Going into this unplanned could lead to a very messy code base, making it unnecessarily difficult to navigate, maintain, and control.
Here are the strategies we usually use and recommend.
Strategy 1 - Core & Product Specific Extensions
This concept is based on having one main Core Extension and several Product Specific Extensions.
As such, common behaviors shared from multiple Product Specific Extensions will reside in the Core Extension.
This Extension has its own packages and must be included in the release box when building a release in CET Build Central, just like how we do with any abstracts. When releasing this Extension in MyConfigura, make sure to make this Extension free and NOT visible in the marketplace using the checkboxes:
If a main toolbox will be shown from this Extension, we can set up its visibility using channels or flags in the sub-Extensions.
Product Specific Extensions
These are sub-Extensions with product specific packages. We will have to add dependency to its Core Extension. These Extensions handle their own licenses and costs and will be released in the marketplace.

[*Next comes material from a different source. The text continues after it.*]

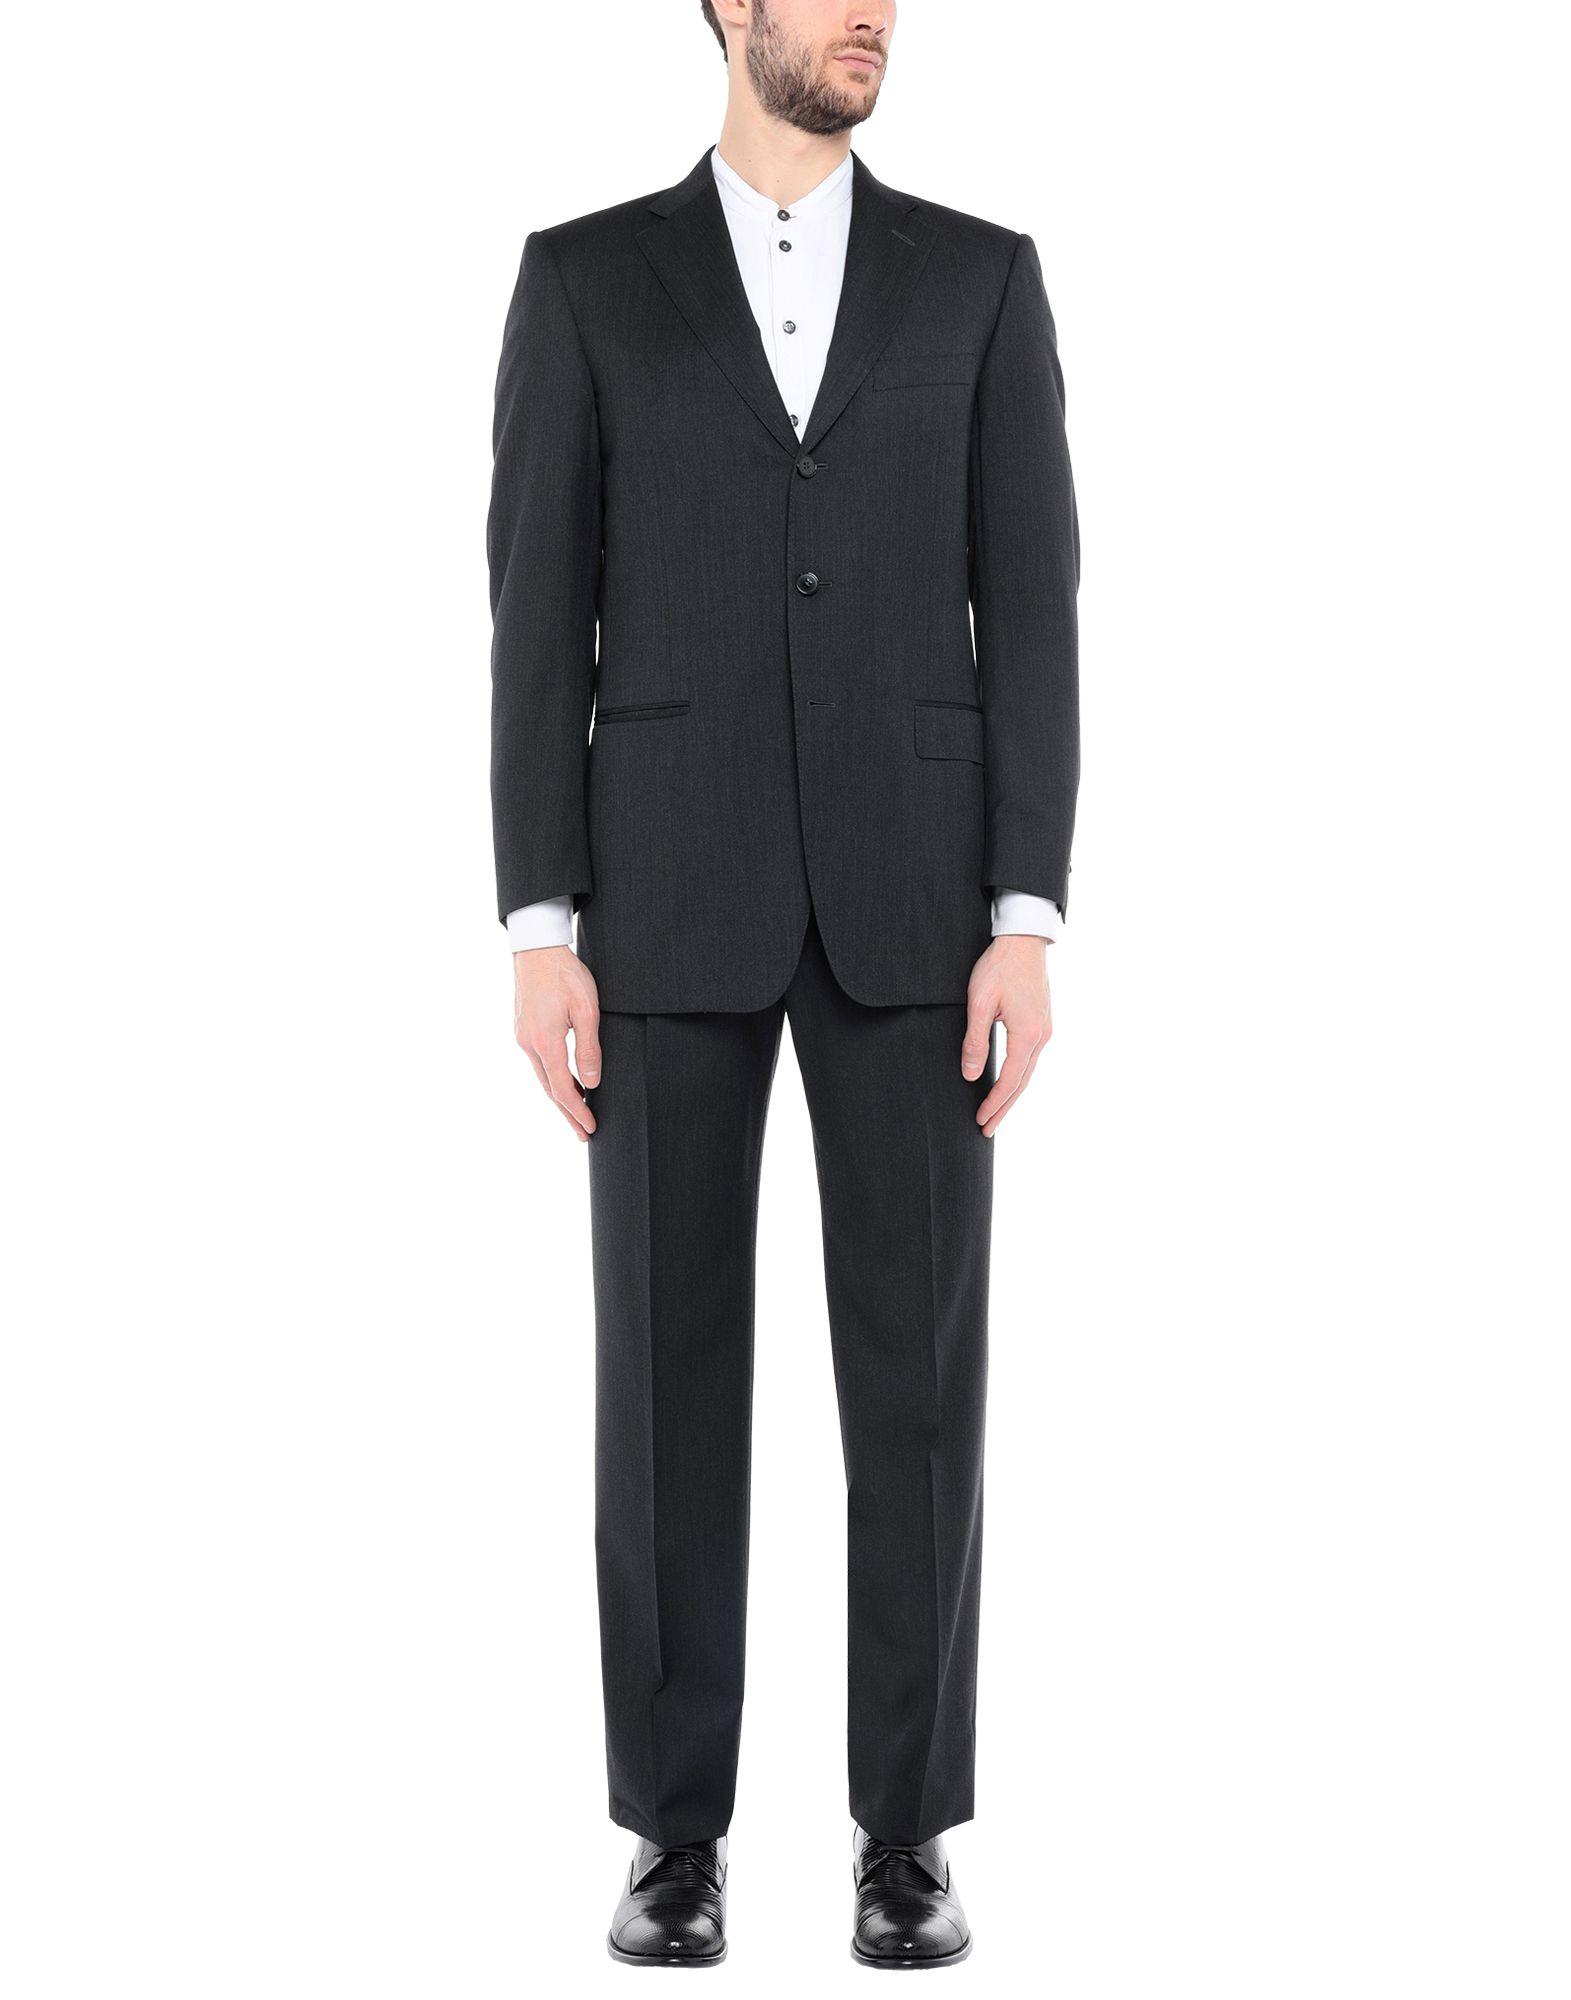 buy online e651b 8aa0c ERMENEGILDO ZEGNA Suits - Suits and Blazers | YOOX.COM

- This is an easy structure to build as we only need to add new packages for each Extension needed and include necessary packages in each of them.
- Multiple Extensions can be installed at the same time, each of them using the same core Extension.
- Problems may arise if we need to move around the Extensions or their functionalities at later stages of the development lifecycle.
- Major changes made to the core Extension may require updates or refactoring to the sub-Extensions.
- Collision may arise if the same packages are used in more than one sub-Extension. (This can be solved by using another hidden Extension that we add our dependencies on)
Strategy 2 - Channels
In this alternative, we only have one Extension, and we handle everything using channels.
- Only need to rebuild one Extension on new releases.
- Extension visibility can be changed even without new releases.
- No conflicts between sub-Extensions.
- No dependency issues when rearranging codes or functionalities.
- Implementing channels require a great deal of programming.
- An entire code base will be installed for every user.
- When updates are made to the Extension, every user will get an update even if it does not affect their usage area of the Extension.
- No flexibility for licensing and costs.
Strategy 1 & 2
The two alternatives provided are merely concepts we can leverage on, we can adjust our Extension based on our own requirements, such as using both concepts together.
An example will be having the Core and Product Specific Extension structure, but within each Product Specific Extension, we have behaviors (i.e., sub-Extensions, visible buttons) controlled by channels.
Even though there is flexibility in creating multi-Extensions, it is recommended to have the Extension structure planned out beforehand to avoid unnecessary headaches.